● **Input data**
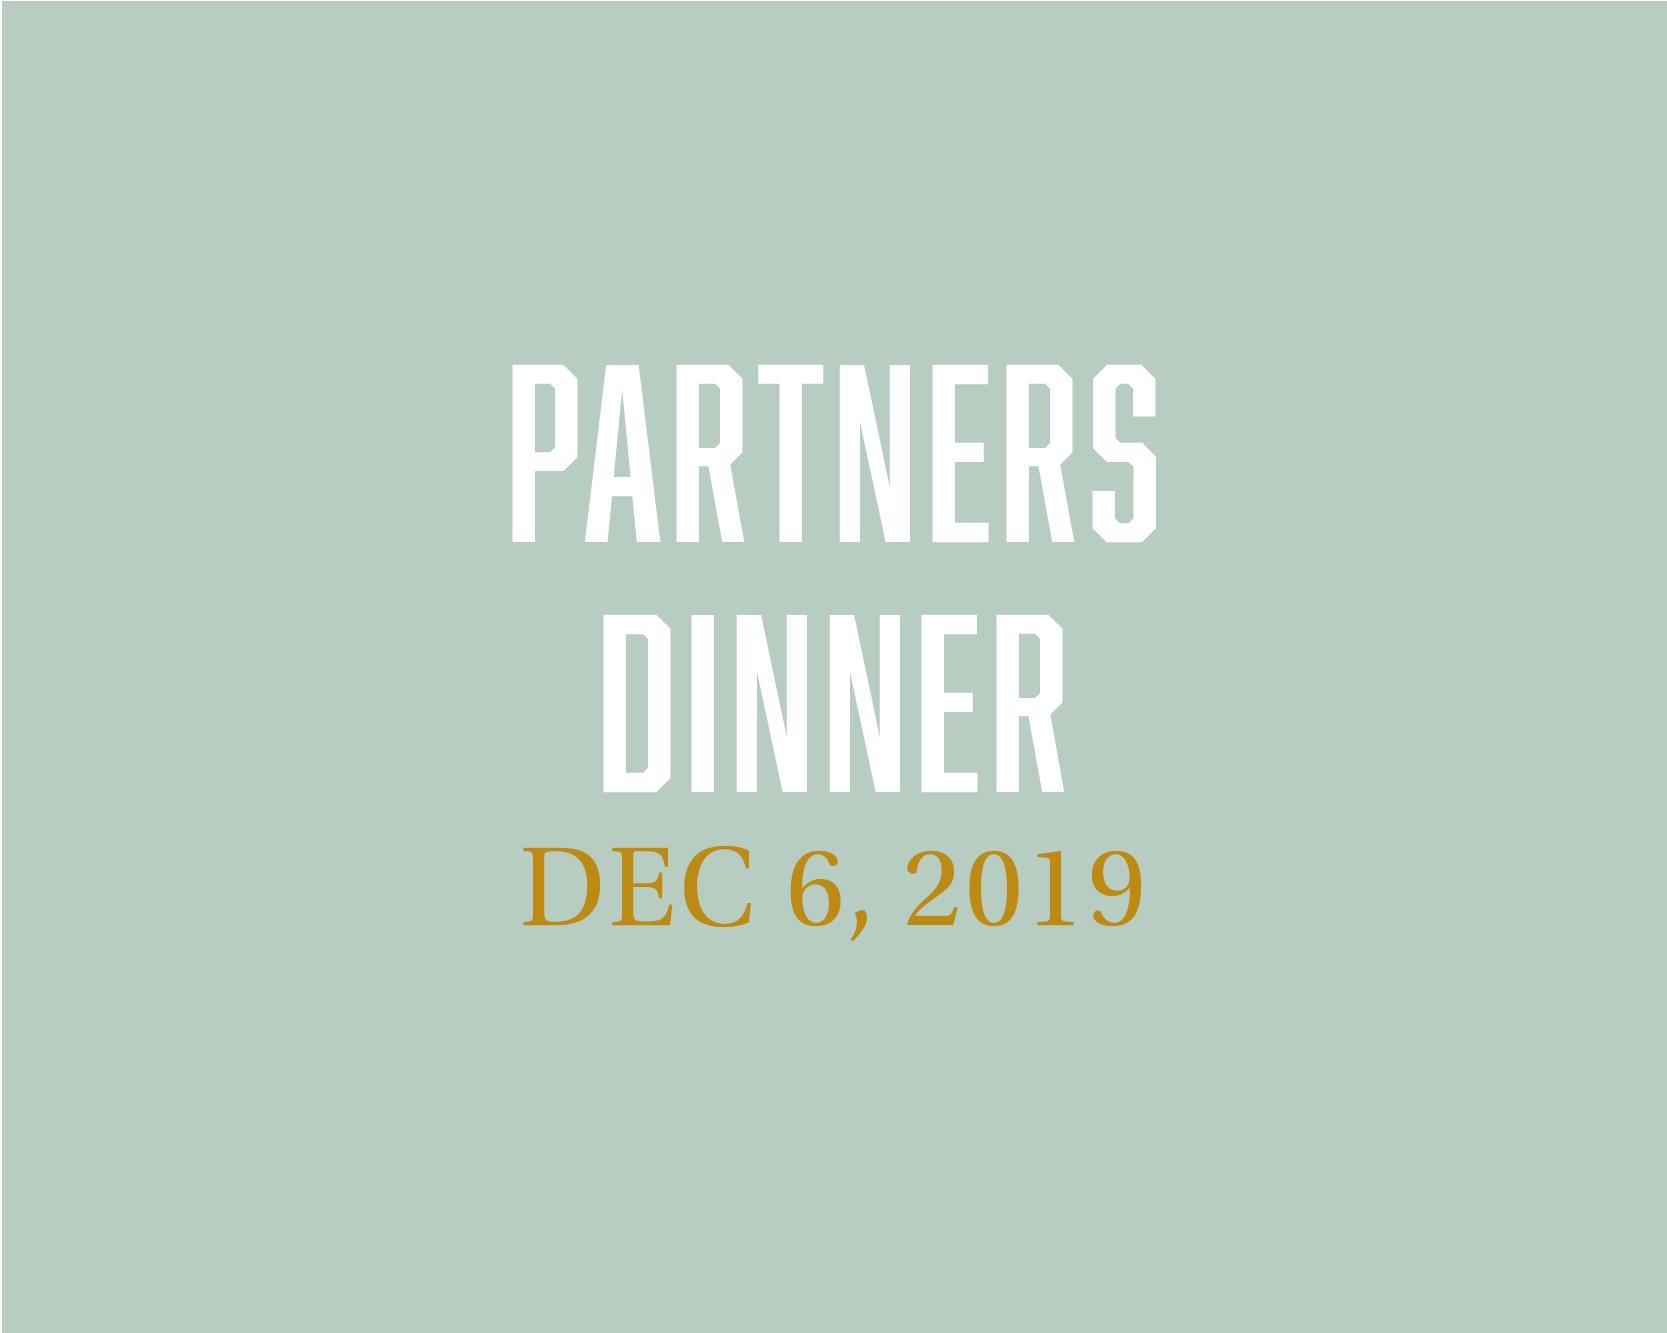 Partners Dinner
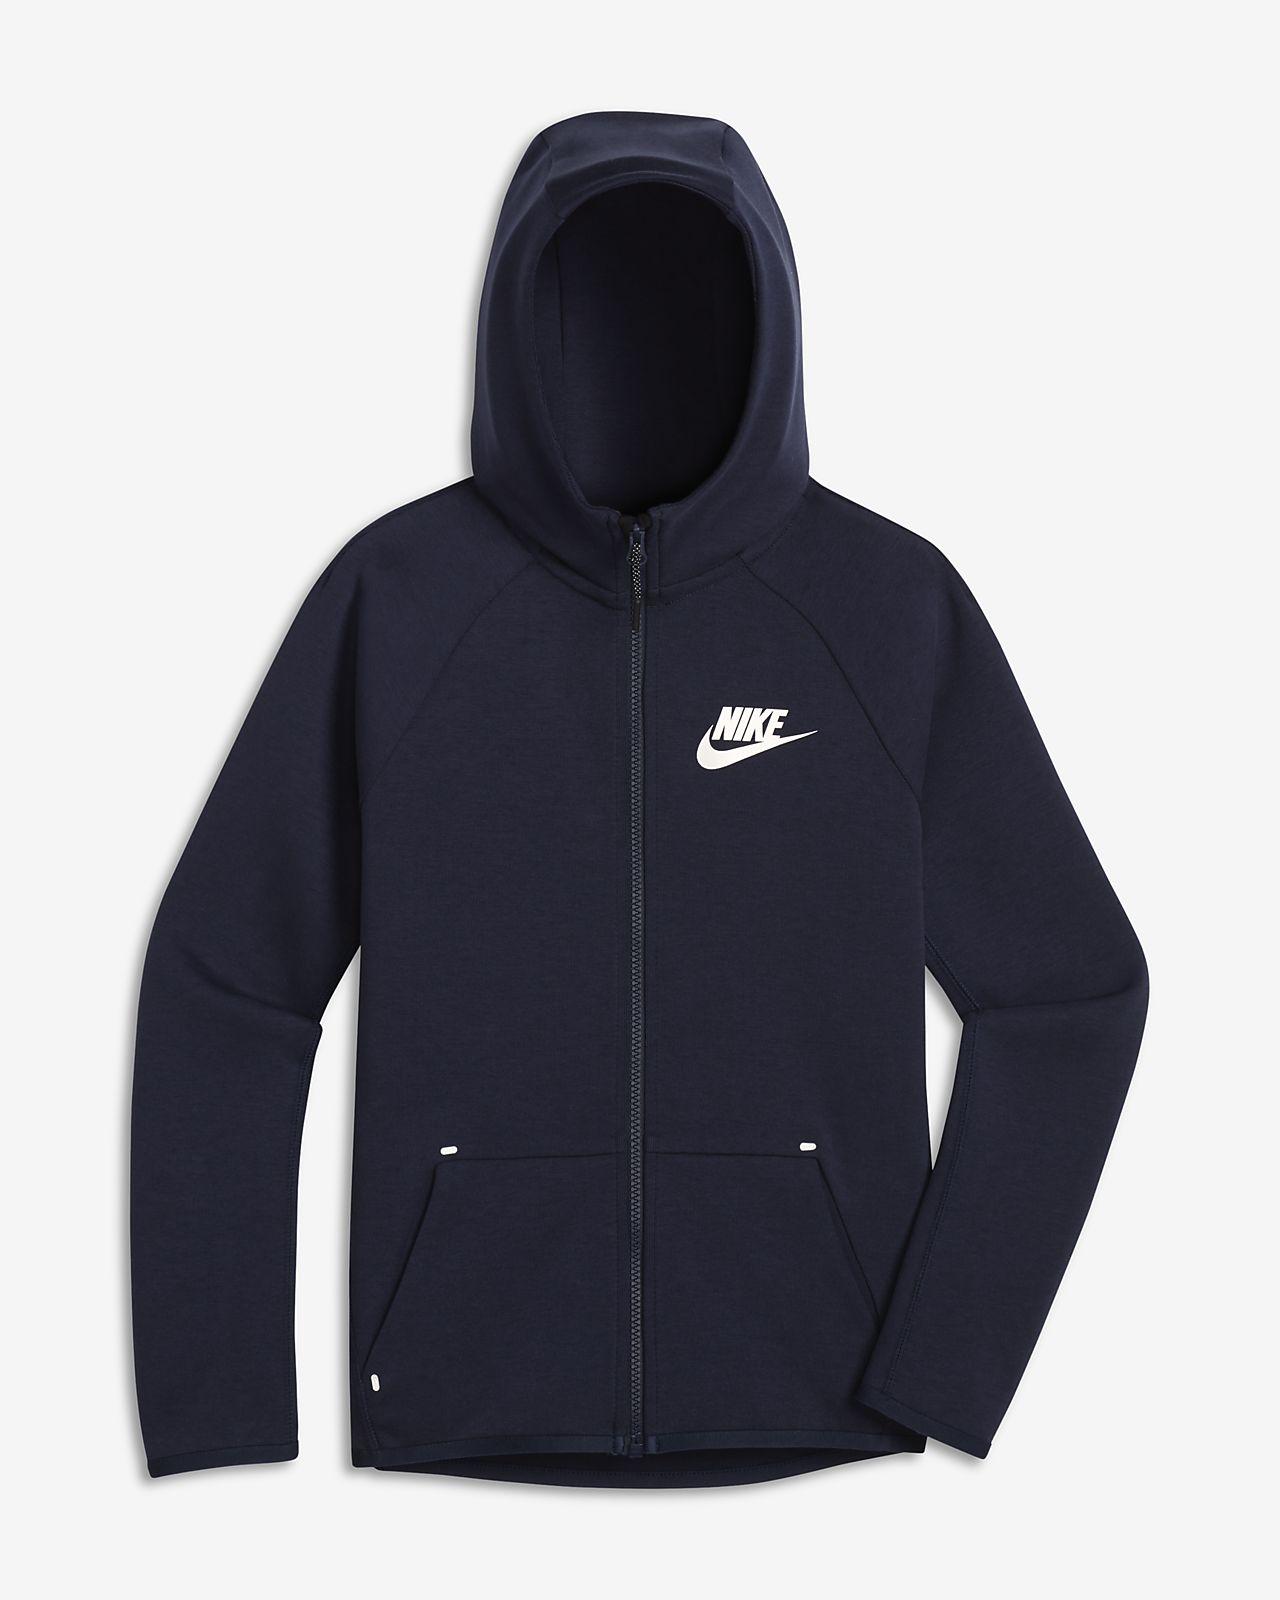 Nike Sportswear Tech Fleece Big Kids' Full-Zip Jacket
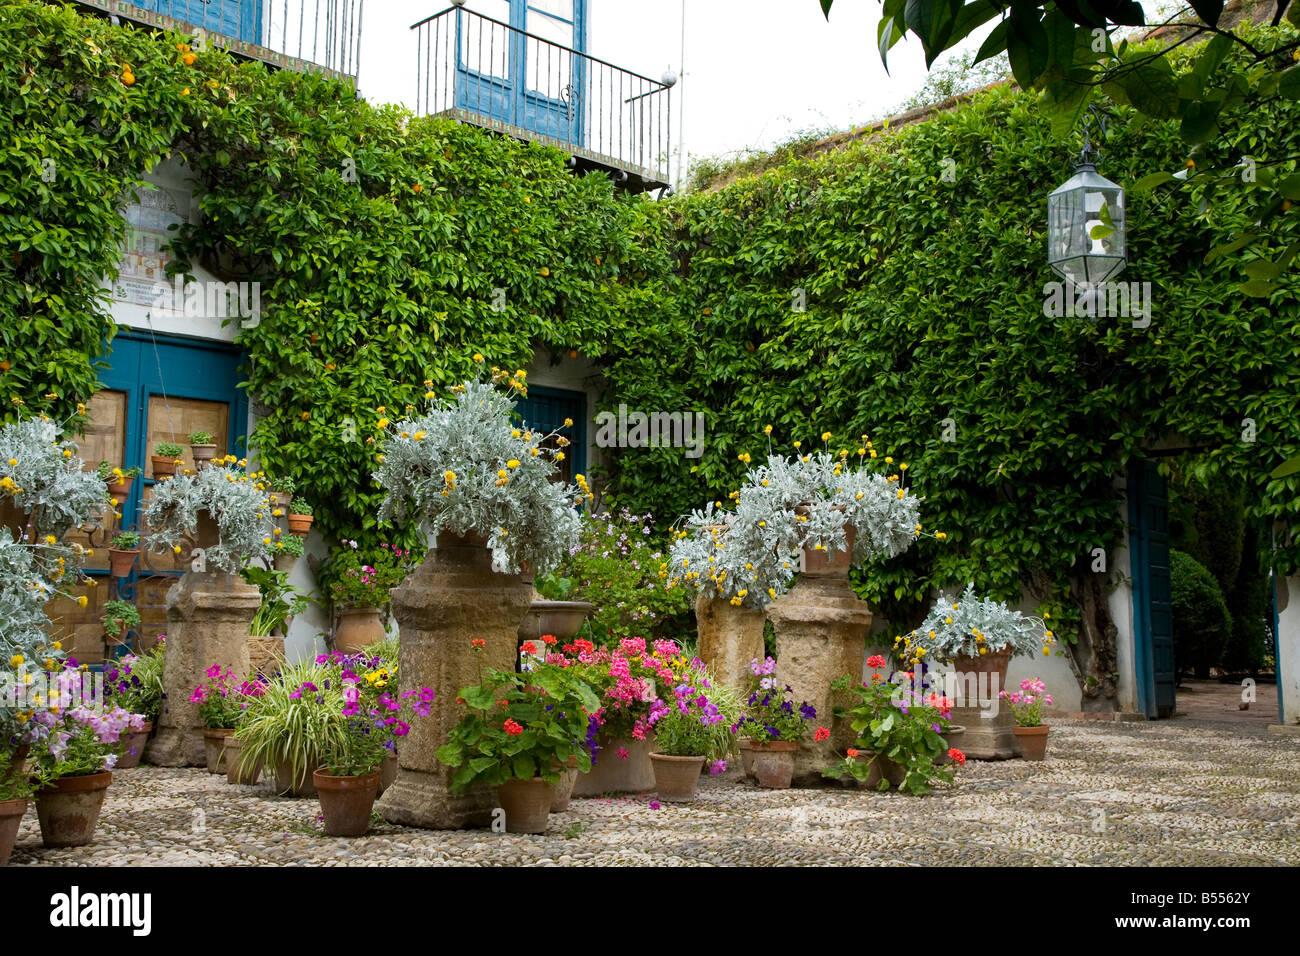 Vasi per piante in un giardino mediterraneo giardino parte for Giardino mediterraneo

● **Task prompt**
Would you give the material back exactly, minus the pictures?

● **Solved problem**
 Partners Dinner
 Nike Sportswear Tech Fleece Big Kids' Full-Zip Jacket
 Vasi per piante in un giardino mediterraneo giardino parte for Giardino mediterraneo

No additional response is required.